The total headcount once the young couple with two hard suitcases wedged themselves in the thick of things, stood at 12.  The shady green lady left.  I felt a little selfish with a half an empty berth when I sat up; all the other beds had two or three bodies fill the space.  I was almost willing to share my space if I could go to the toilet.  On the end of the berth I sat with my legs dangling.  The top of this car was higher than others I’d been in where it was impossible to sit up and read.  Separating the cabins and subsequently upper berth was a mesh of metal.  I heard English spoken on the other side.  A Kashmiri man wanted to know if I was going to Jammu.  Pathonkot is three hours south of Jammu.  He asked again where I was going.  Path…Pathan…Do you speak English? he asked.  Yes, and I don’t speak Hindi. Patonkat…Pa-tan-ko.  Of the few Kashmiri’s I met their English was surprisingly good.  Who had been teaching them up there in the flats and mountains where everybody fought for half a century?  They were a lighter brown than the Keralan Indian in the south of India, but darker than northern Indians.  One man I met in Pahar Ganj was very dark skinned and sported these blue eyes that left me look sideways at him.  The man through the mesh told me he learned English in Delhi and was going home for the holidays to a city I didn’t recognize.  Another Kashmiri man I met in a Delhi gift shop full of carpets, lacquered and hand-painted ornaments, asked me of my thoughts on ending the 57 year conflict in his home of record. How about a new country?  Earlier in the week a train left from Delhi to Lahore, hailed in the newspapers as the peace train while both sides discussed the issues that left the place in such an un-united state. Back on this train I really didn’t want to fraternize with anyone.  All I wanted to do was lie down with my head propped up with my side bag, and cross my legs with every thump and wump in the tracks that thumped and wumped my sphincter.  An old man who sat across from me lit an unfinished cigarette he pulled from his brown sport coat.

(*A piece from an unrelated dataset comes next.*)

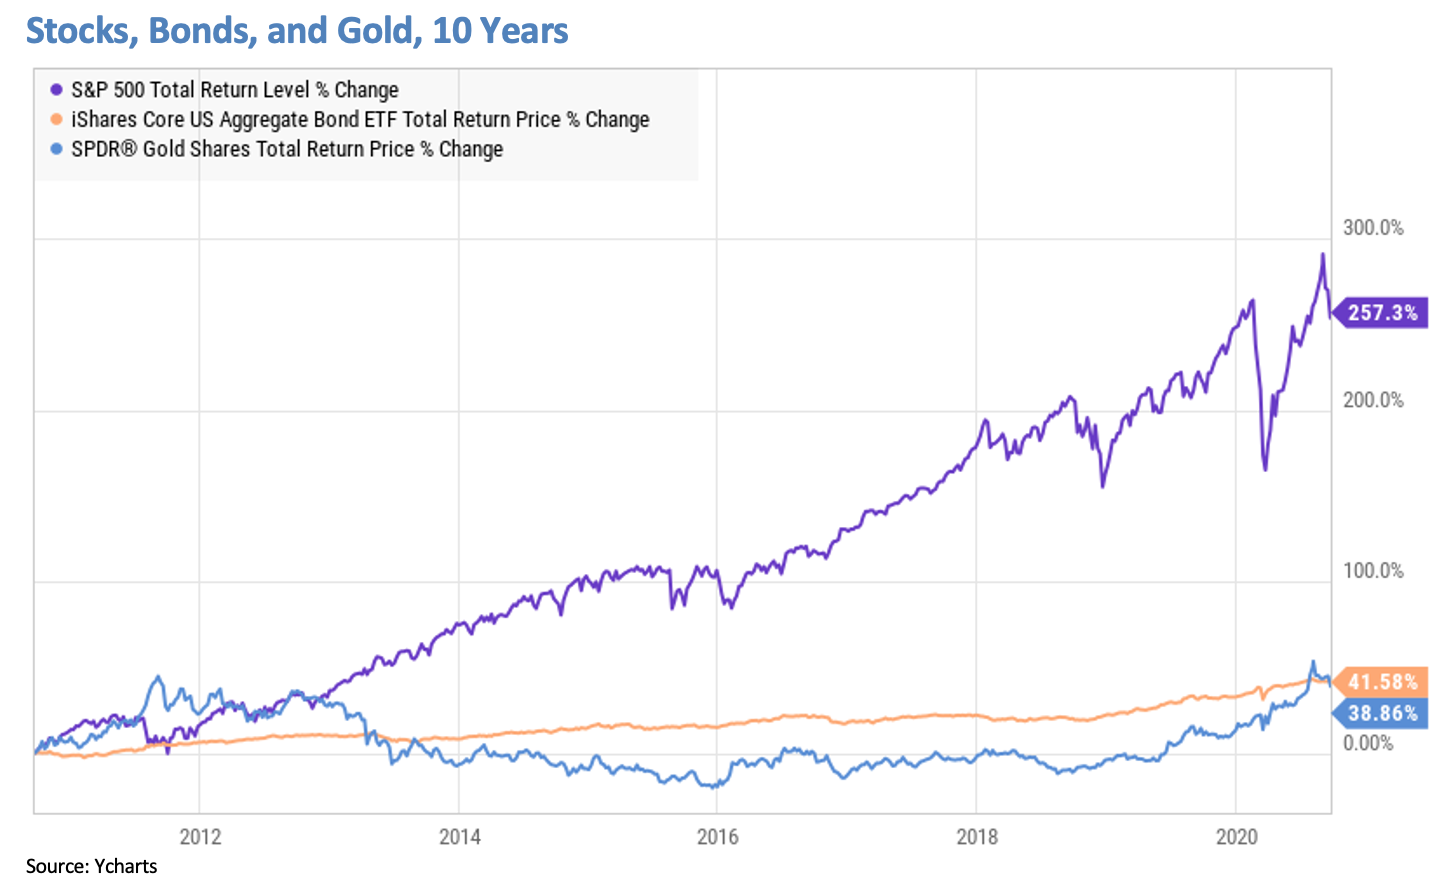 Stocks, Bonds and Gold 10Y

When it hurts to hold a position of comfort one is reduced to wonder if this kind of suffering is necessary.  It certainly wasn’t because I could have purchased a first class ticket, ensuring more trips to the toilet without worrying if the bag that was chained to metal framing would leave with the throngs who came on the car in the hundreds with equal numbers leaving.  The aisles were too full to navigate and the scores sat or stood; the car remained quiet to everything but the sound of land that clanged and hushed by on a mostly absurd display of mass transportation. 


Five hours and change passed and I reached the holy grail of sleeping car four and put myself on a new drug for bacterial intestinal trouble.  With an empty bowel, medicine dispensed, my interest in the odd goings on below me peaked.  A boy in the aisle with wooden castanets sang a little song, and did this Elvis hip swagger.  The woman married to the man in the red beret and who hadn’t said a word the entire trip gave the entertainer a coin before he sauntered down the aisle of financial independence.  The faces constantly changed in this car.  There was a man across from my berth who wanted to practice English with me but couldn’t understand a simple question put to him in his desire to do so: why? Two heavily bearded Sikhs who sat across from me were amused at his inability to answer my last question before I went back to my book. 


I was impressed to certain degree, and humbled that the travelers had the patience to endure when there was nothing to be done.  Even with no one to talk to, I saw no one reading or writing anything.  There were long stretches silence, and all looked straight ahead, almost as if they were in states of meditation on the fullness of thinking about nothing or everything that was in their world.